> About this task:
Leave every image out, and print the remaining lines below exactly.

> Available data:
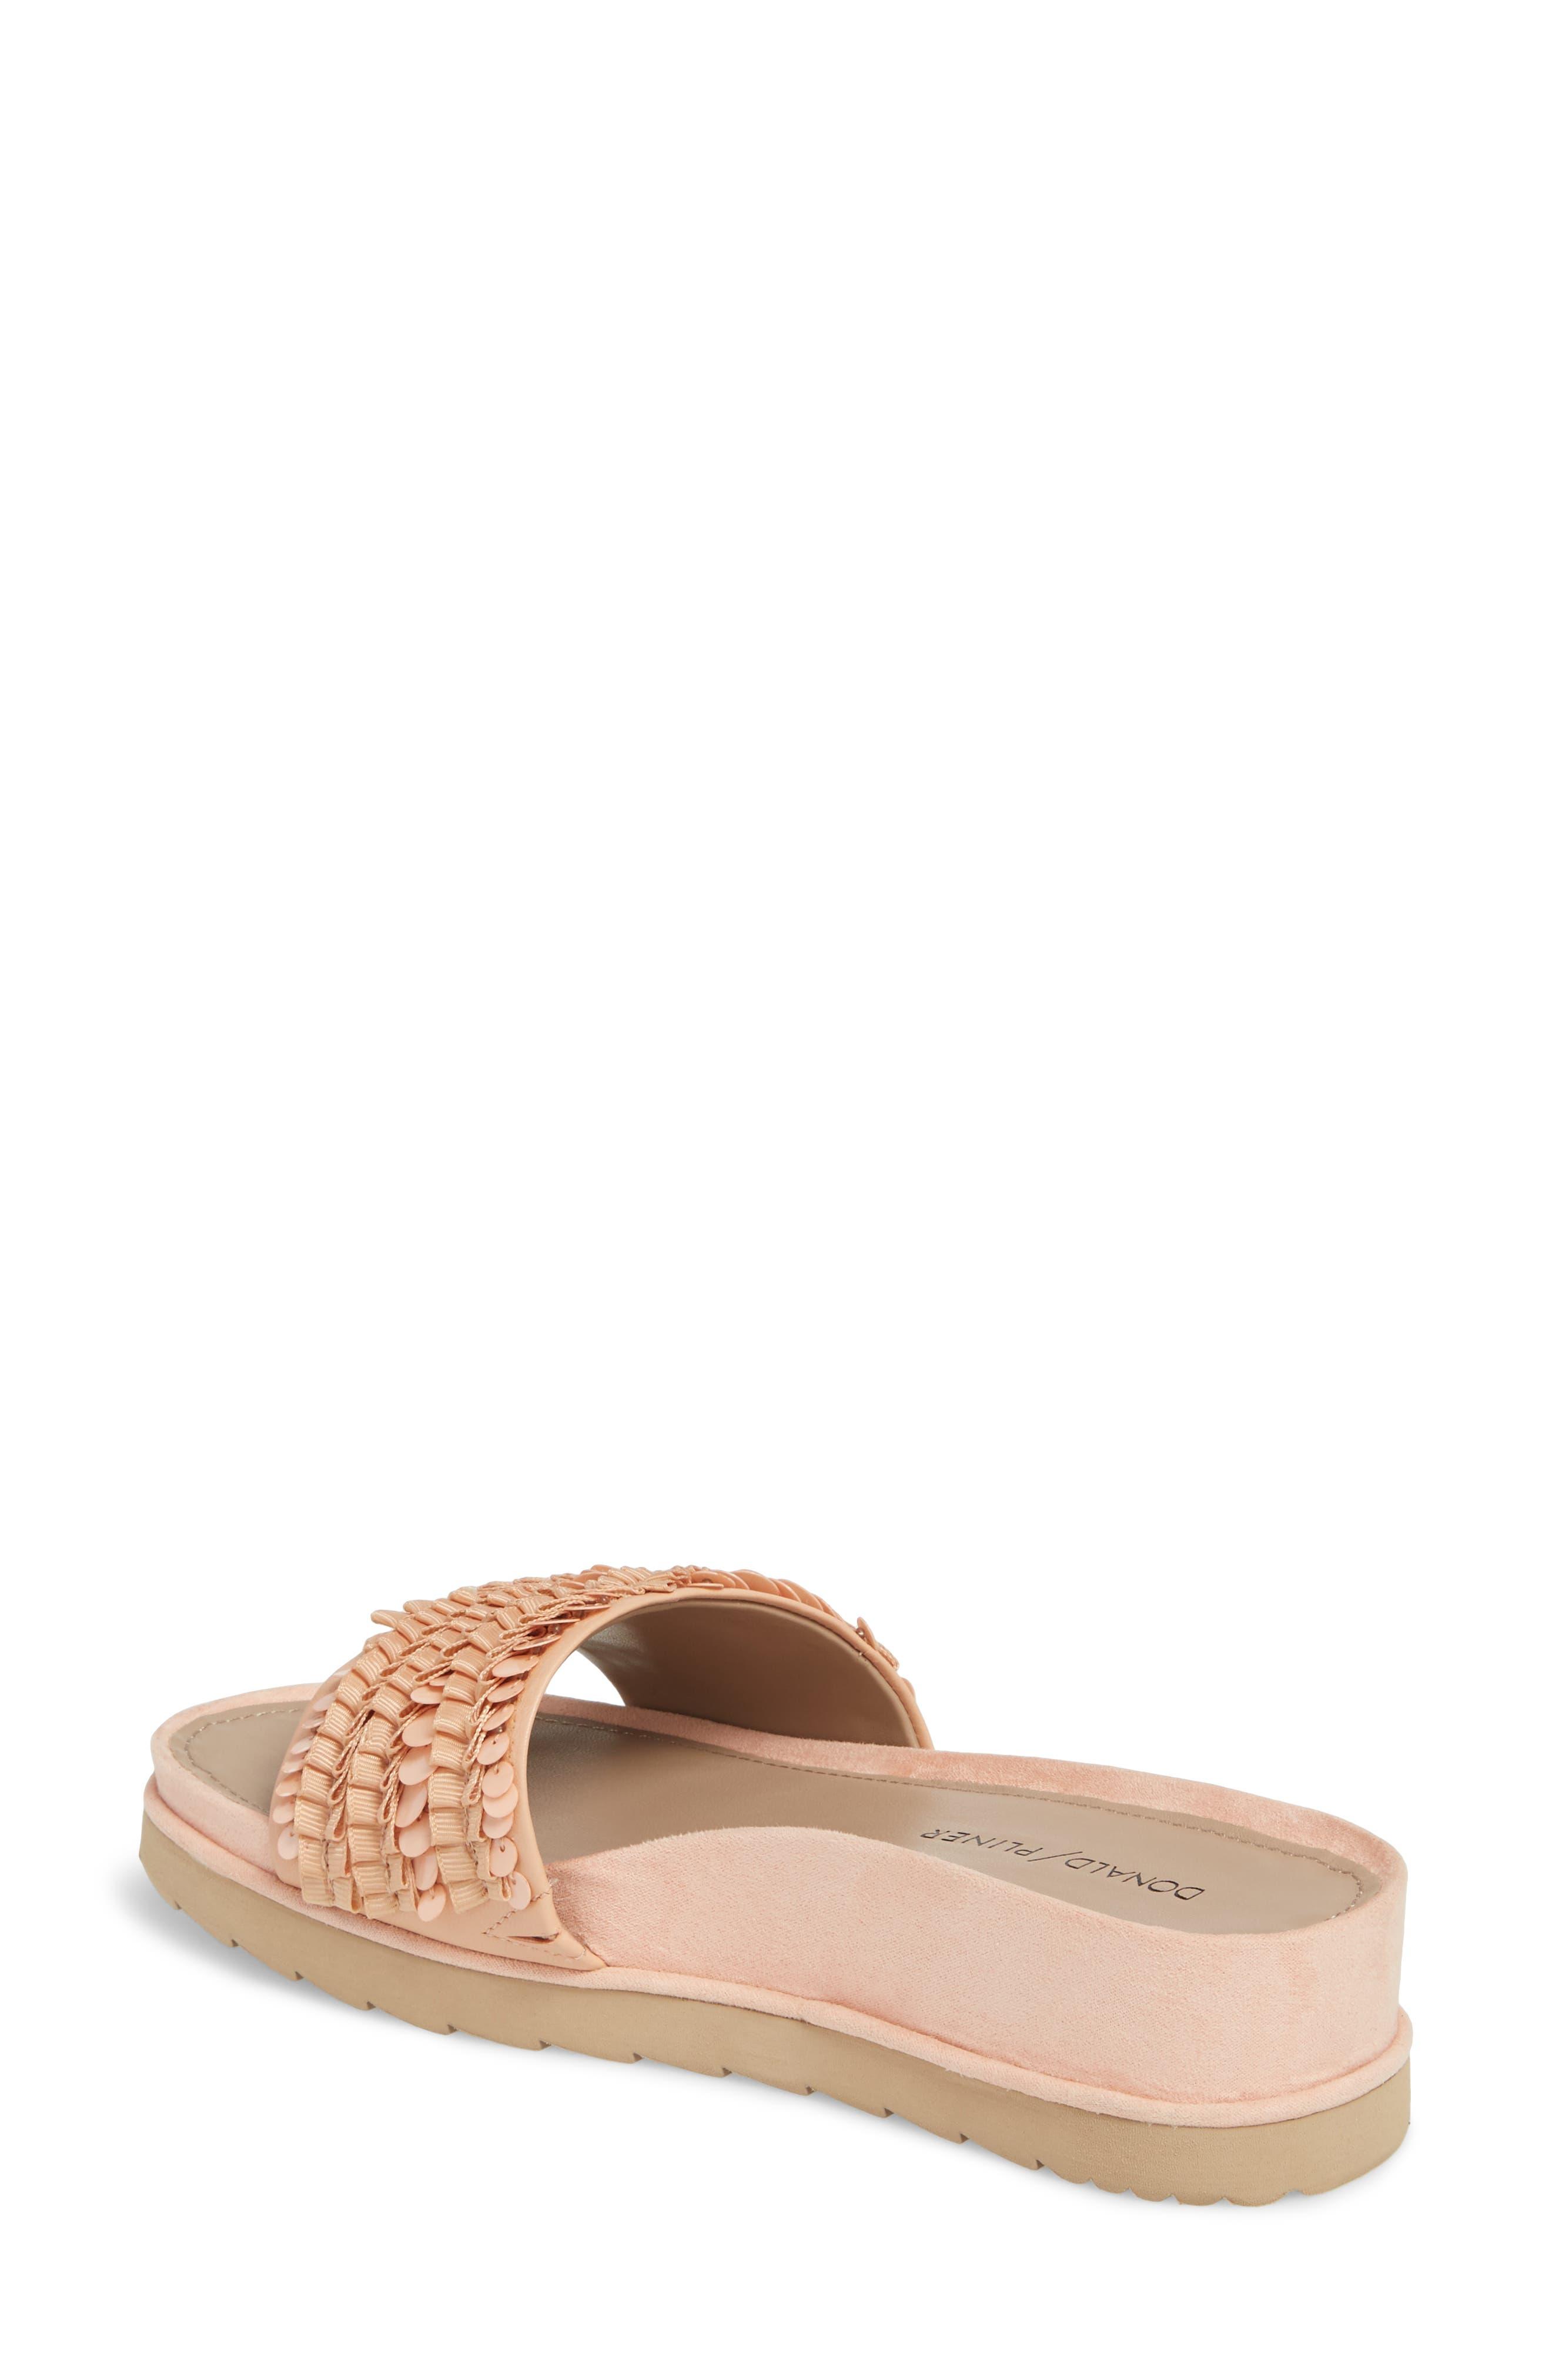 Cava Slide Sandal,                             Alternate thumbnail 2, color,                             Peony Leather
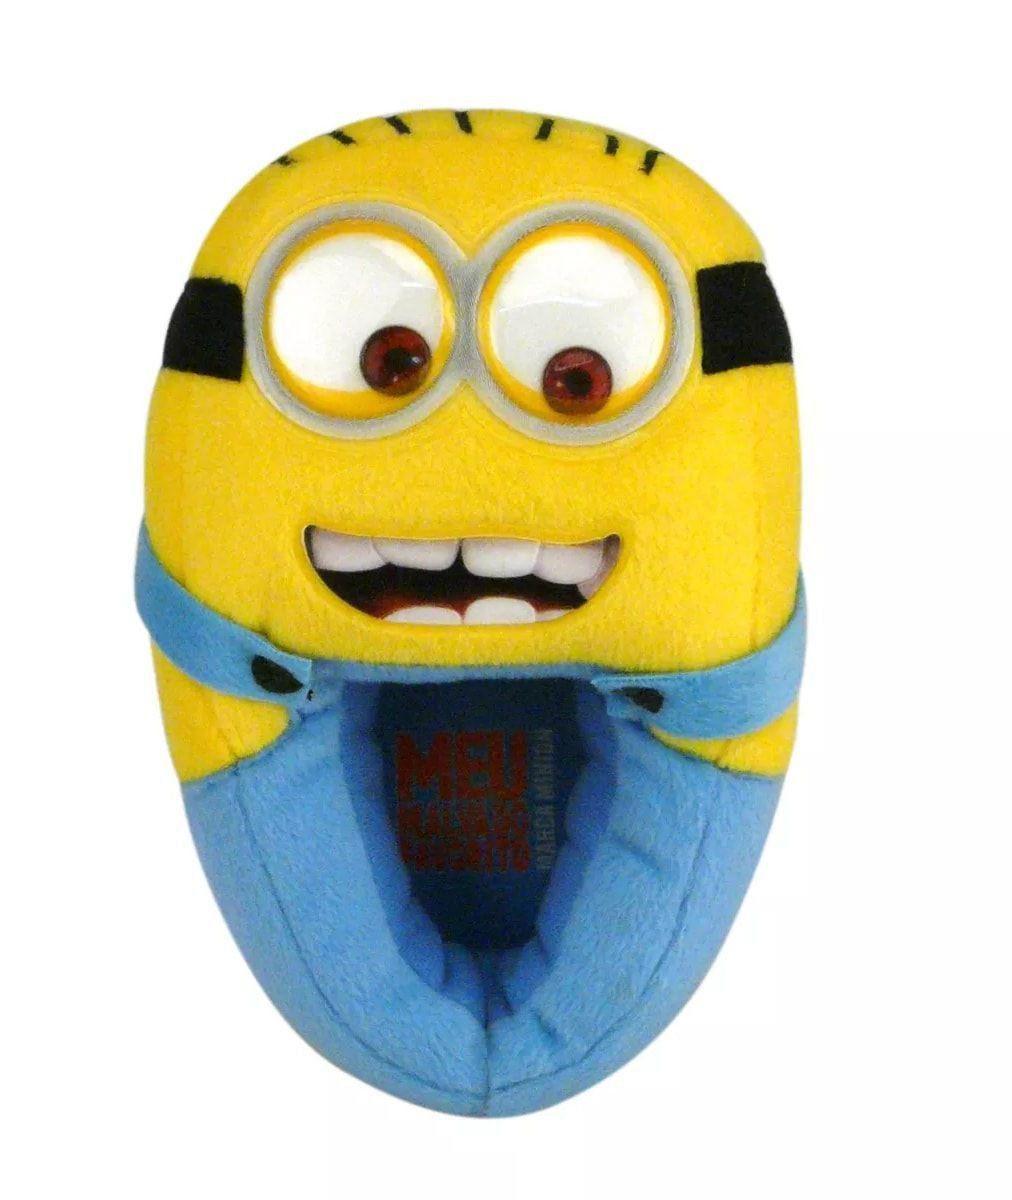 93a26deb356efa Pantufa 3D Minions: Meu Malvado Favorito - Ricsen - Toyshow
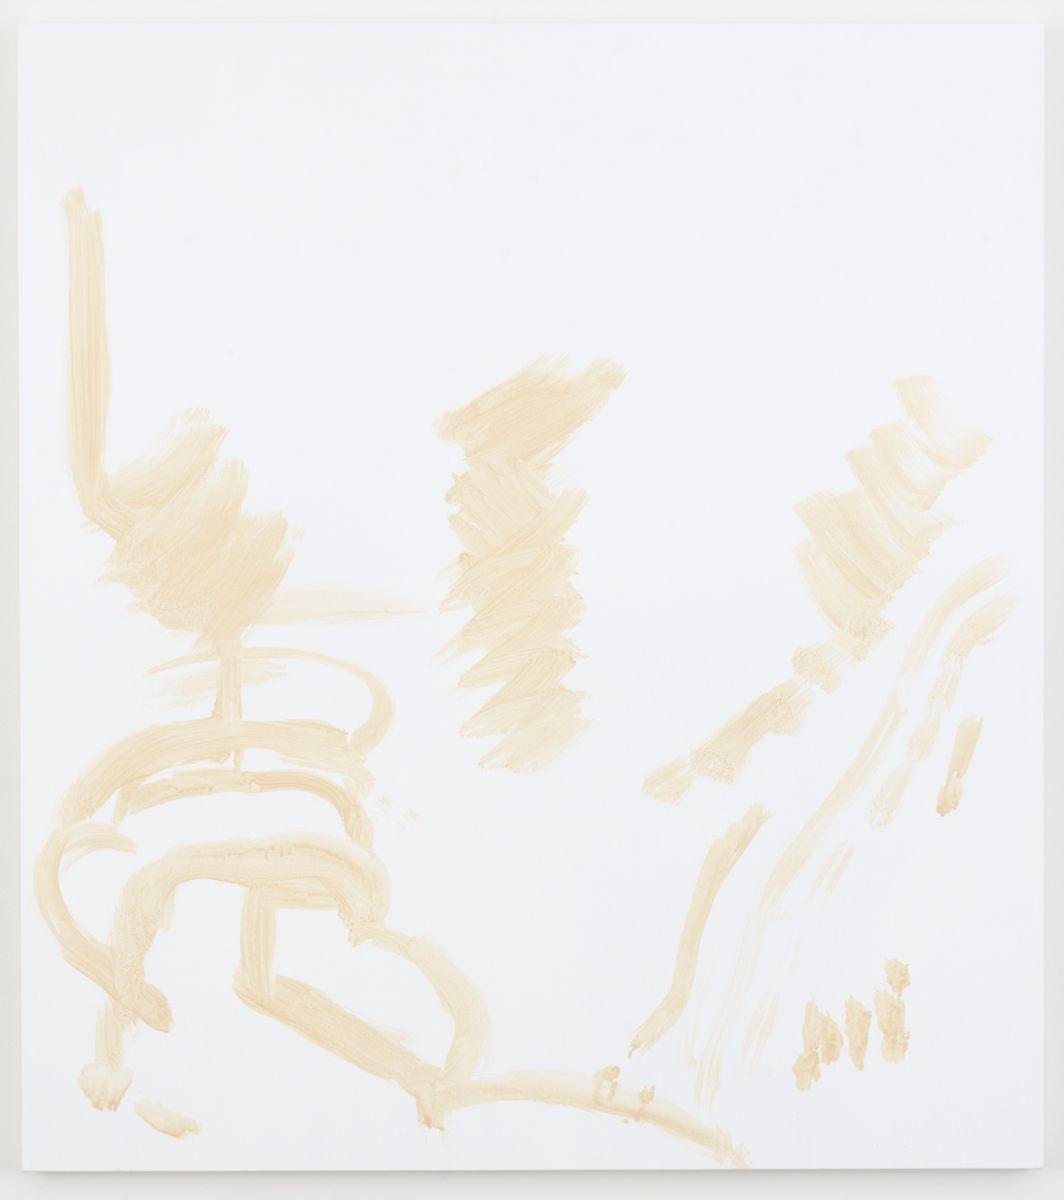 Michael Krebber Herbes de Provence MK.6081, 2018 Acrylic on canvas 44 3/4 x 40 inches (113.7 x 101.6 cm)
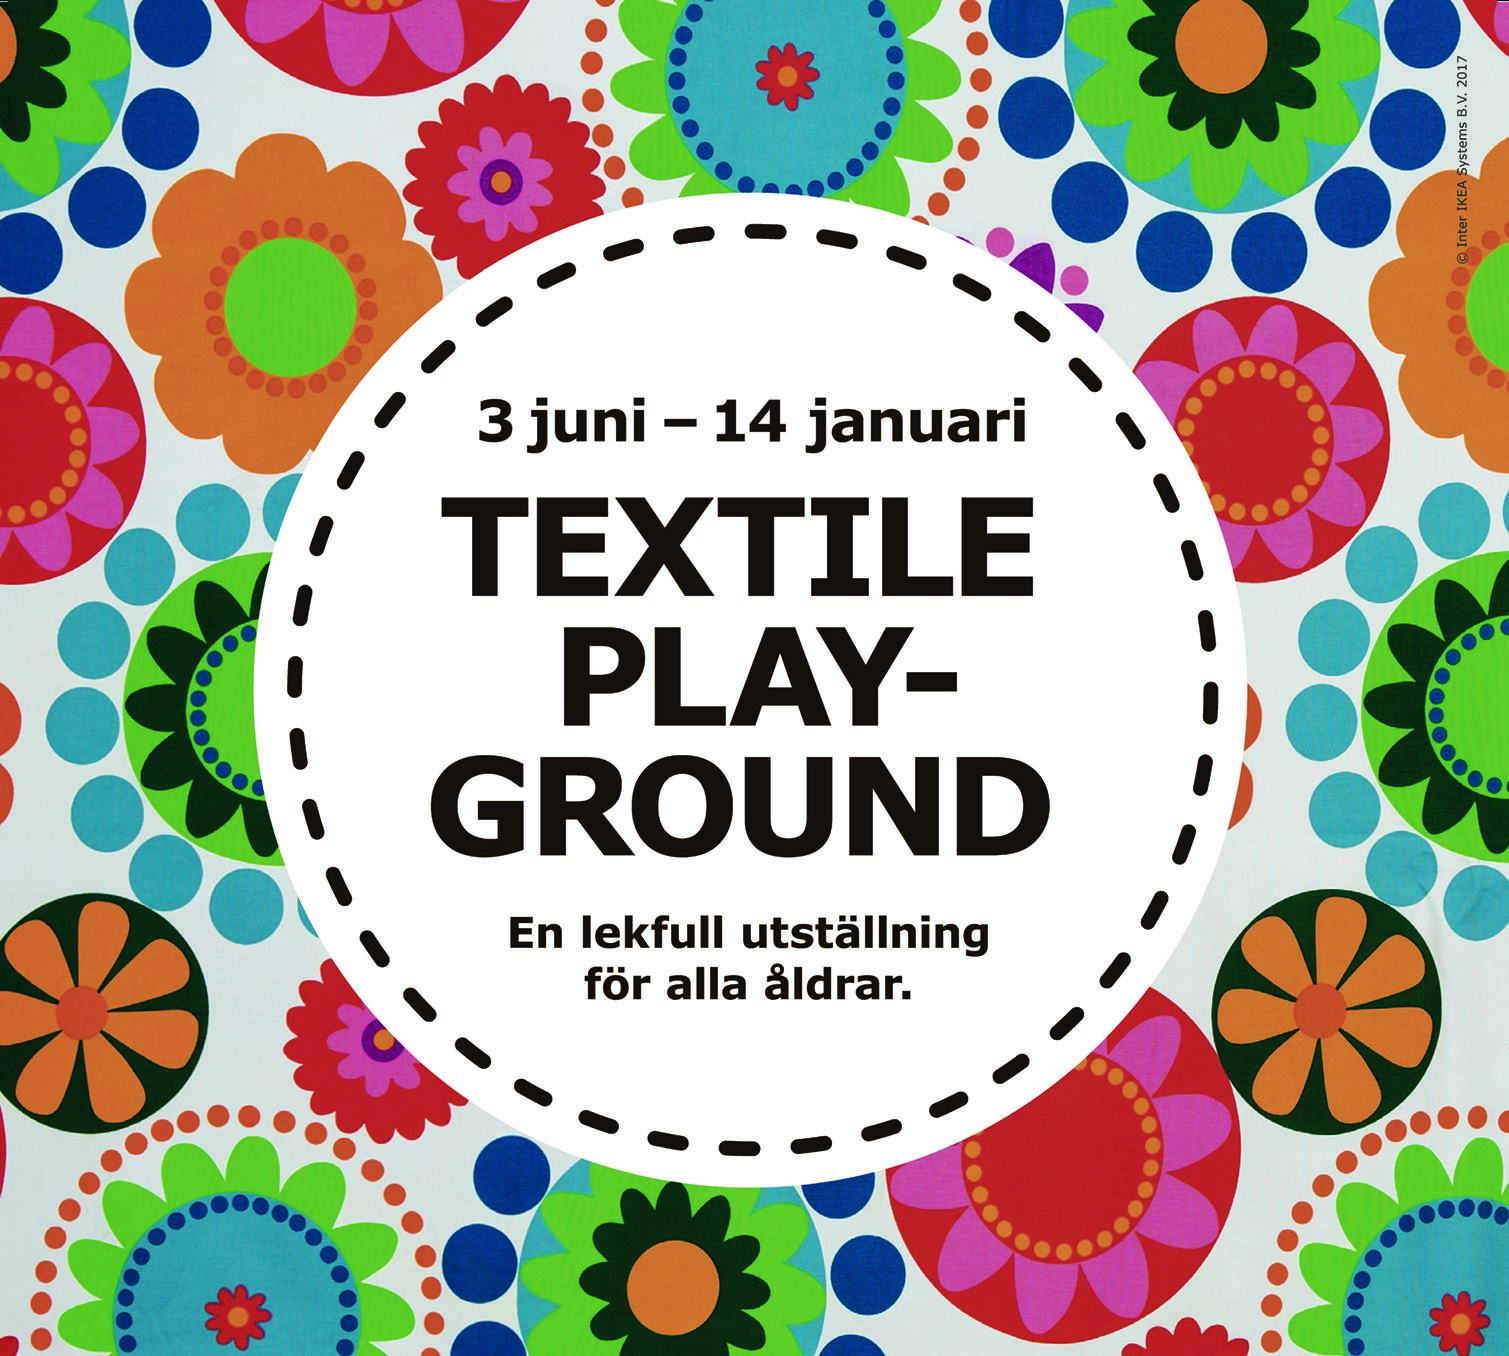 Exhibition - Textile Playground

> Task output:
 Cava Slide Sandal,                             Alternate thumbnail 2, color,                             Peony Leather
 93a26deb356efa Pantufa 3D Minions: Meu Malvado Favorito - Ricsen - Toyshow
 Michael Krebber Herbes de Provence MK.6081, 2018 Acrylic on canvas 44 3/4 x 40 inches (113.7 x 101.6 cm)
 Exhibition - Textile Playground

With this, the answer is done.